Este pasado fin de semana tuve la oportunidad de viajar a Colombia. Contactaron conmigo del Festival Hip Hop Kennedy de Bogotá. No tendría nada de extraordinario de no ser porque el evento se reestructuró este año para convertirse en una excusa para recaudar suministros y bienes de primera necesidad para los afectados por el terremoto del pasado 10 de agosto.
No voy a hablar del concierto que hicimos porque es irrelevante. Quiero dedicar estas líneas a intentar trasladar un poco del optimismo con el que volví a casa después de ver lo que vi.
Estoy en una época larga de negatividad. La política -tanto nacional como internacional- el avance descontrolado de ideas reaccionarias, la hostilidad en los discursos, la IA, las fake news, el cambio climático, la tiranía de las redes sociales… La mayor parte de los estímulos que recibo me llevan a cavar un poco más en la sensación de que avanzamos sin remedio hacia un mundo más estridente, gris, malhumorado y con menos libertades. Necesitaba sacudirme ese pesimismo social y Bogotá se ha encargado de ello.
Cuando empecé en el Hip Hop mis mayores me contaron que se trataba de un movimiento cultural que englobaba varias disciplinas artísticas, pero que sobre todo tenía conciencia social. Lo importante nunca fue la música, el grafitti o el breaking, sino convertir a personas perfectamente anónimas en agentes activos del cambio en sus comunidades. La idea de empoderar al pobre, de hacerle creerse capaz, de negar la irrelevancia que la sociedad le presupone me pareció algo poderoso e irresistible. Un cuento precioso que me creí a pies juntillas mucho más transformador que cualquier libro de autoayuda.
Durante mi vida he tenido incontables pruebas de que el Hip Hop funciona. Lo he visto en proyectos con jóvenes en favelas de Brasil, en los barrios más complicados de México, en Guinea Ecuatorial o en Palestina. No importa si tú que me lees no lo entiendes, basta con que sepas que he sido testigo de cómo este invento marginal cambiaba y salvaba vidas en lugares olvidados por las instituciones. Insisto, no hablo de música, hablo del compromiso de integrantes de la cultura Hip Hop con sus vecinos. Sobra decir que movimientos sociales hay muchísimos y todos son admirables, pero esta ocasión pongo el foco en el que yo pertenezco y del que hablo menos de lo que me gustaría porque soy consciente de los prejucios que aún hay en torno a él.

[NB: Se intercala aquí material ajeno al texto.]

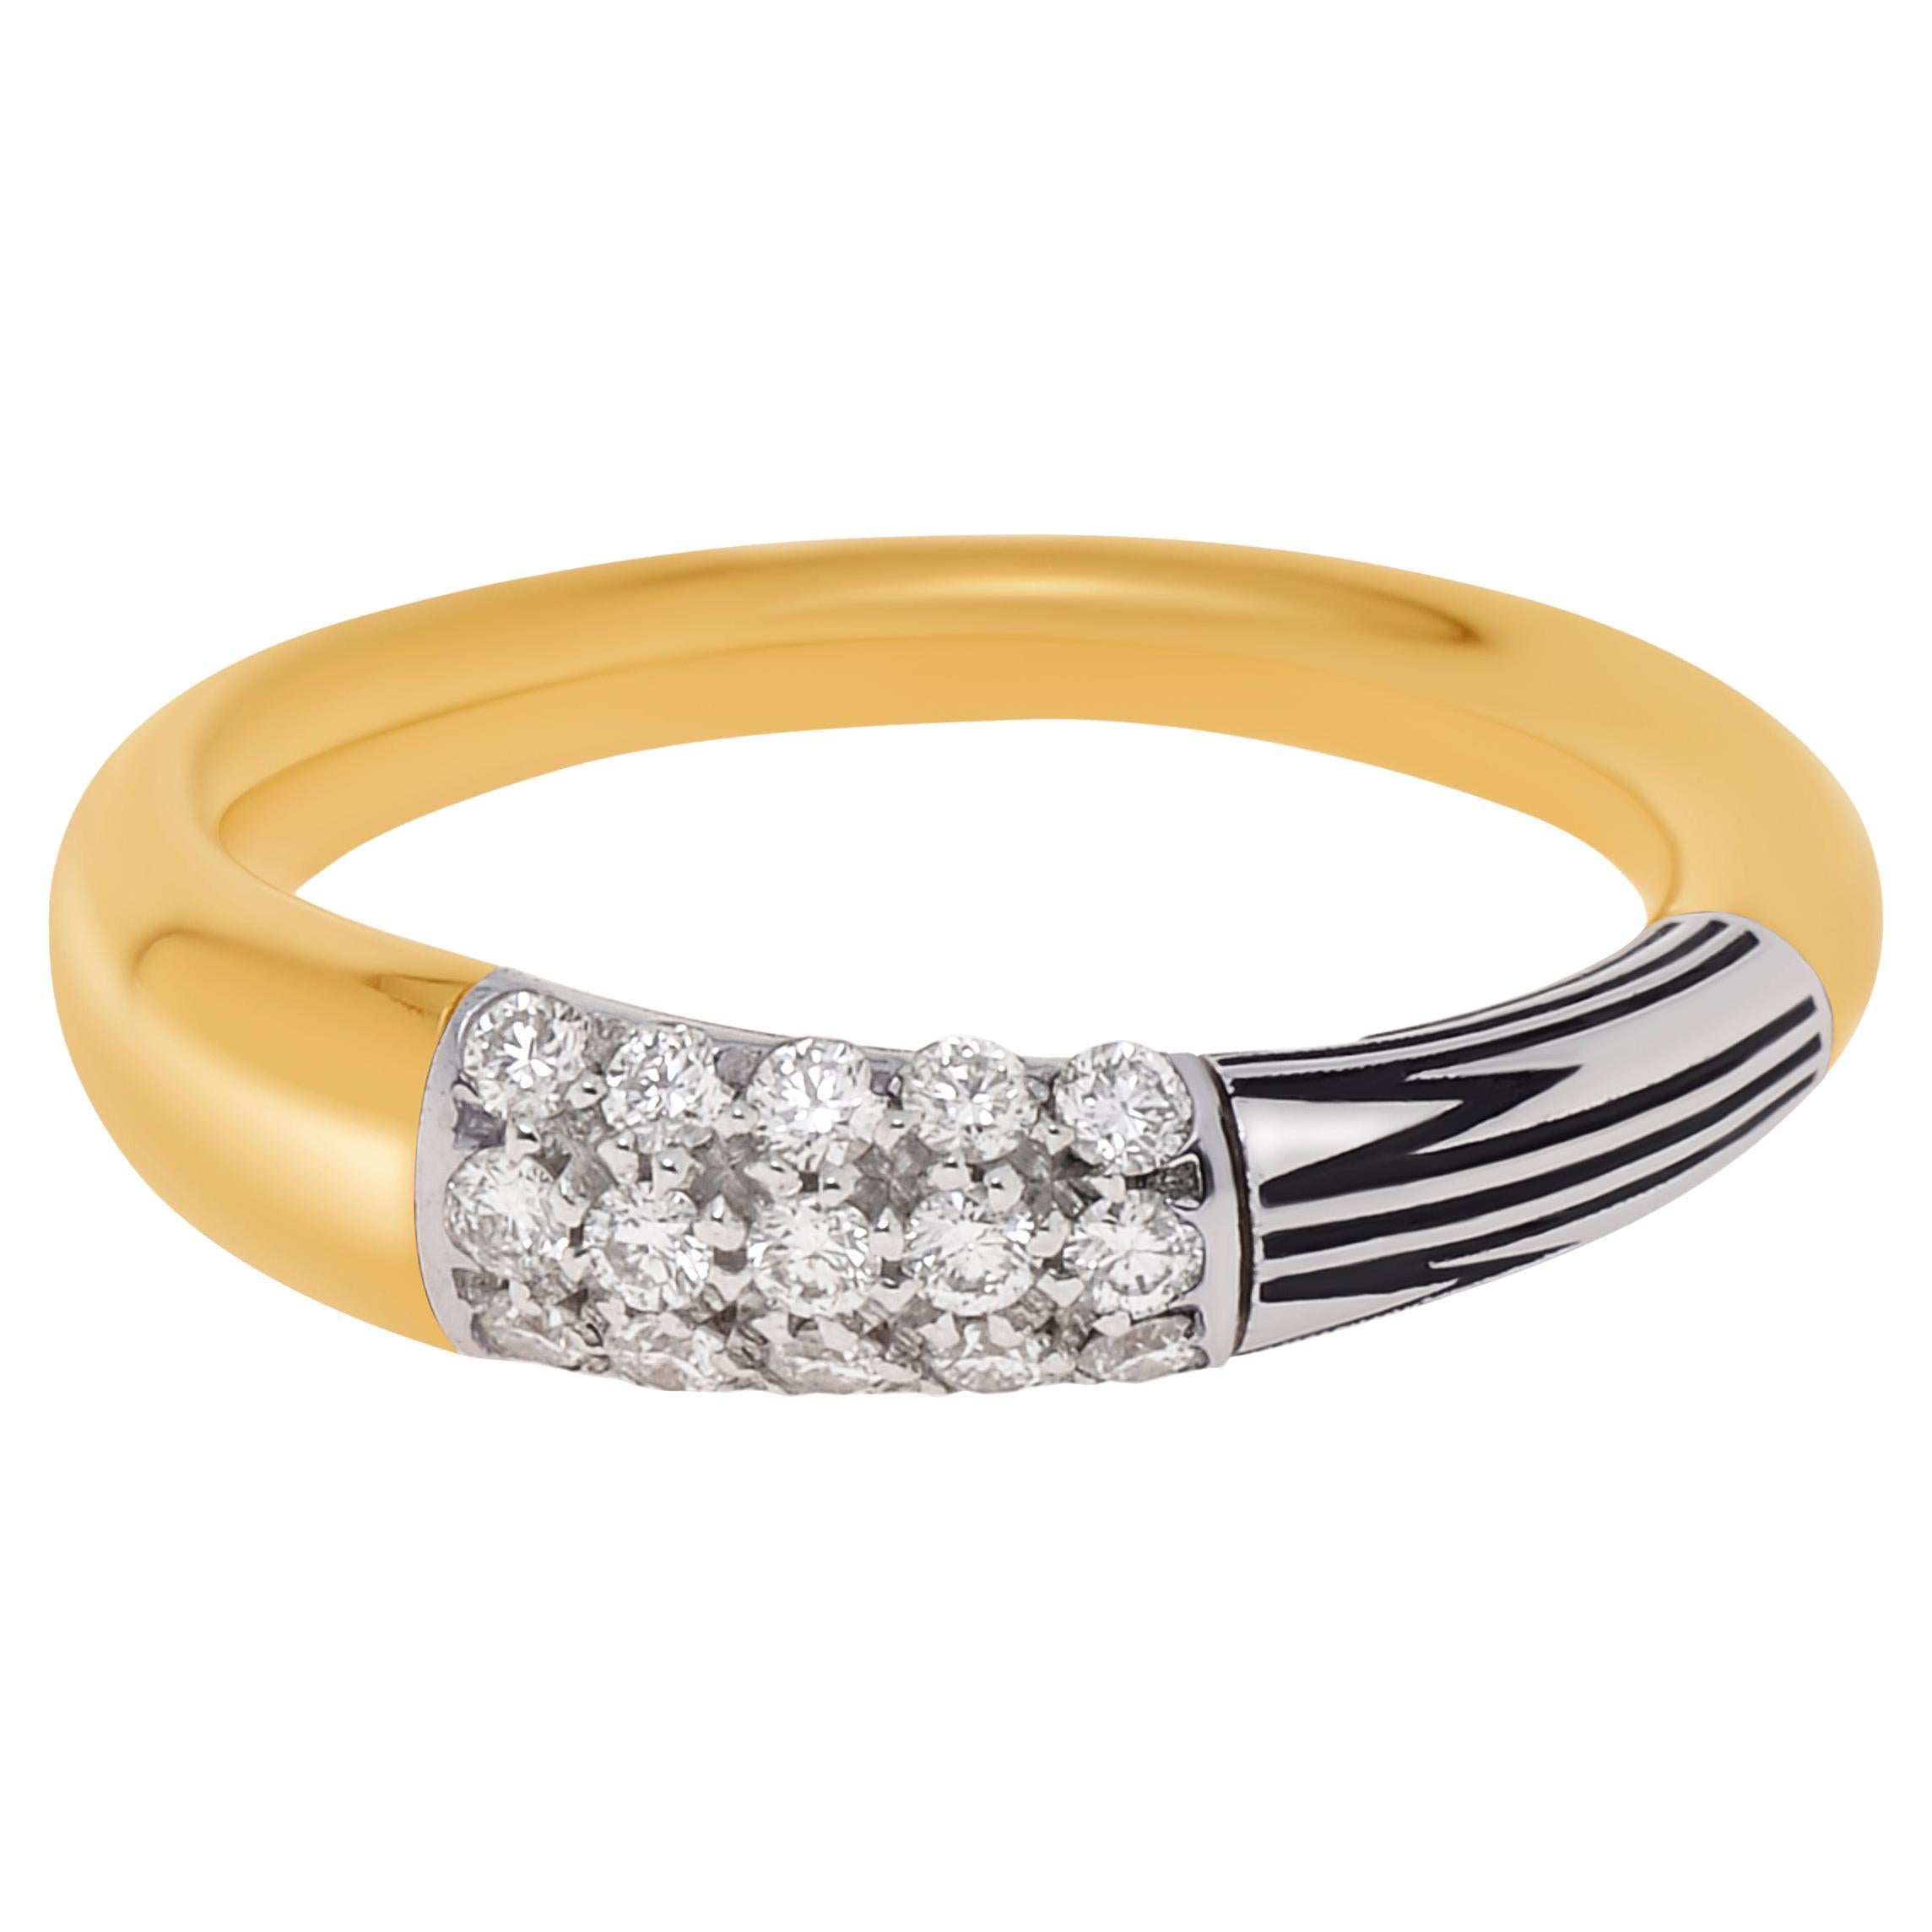 Mimi Milano Tam Tam 18K Yellow & White Gold, Diamond Ring sz 6.75

Tres camiones llenos de latas de comida, pañales, linternas, leche en polvo, productos de higiene personal, agua, ropa, medicinas… aportados por gente de barrio a la que no le sobra nada pero que responde cuando unos perfectos desconocidos lo necesitan.
En esta ocasión la gobernación de esa zona de Bogotá también se involucró y es de agradecer, pero necesito escribir que en el mundo en el que vivimos me siento muy orgulloso de cada persona que piensa en cómo echar una mano en lugar de en qué comentario doliente va a poner bajo la publicación de alguien a quien no conoce.
Gracias Bogotá por recordarme que son muchos los que se implican, prometo intentar no volver a caer en el desánimo cuando los otros, los sin corazón, agiten mi fe en la gente.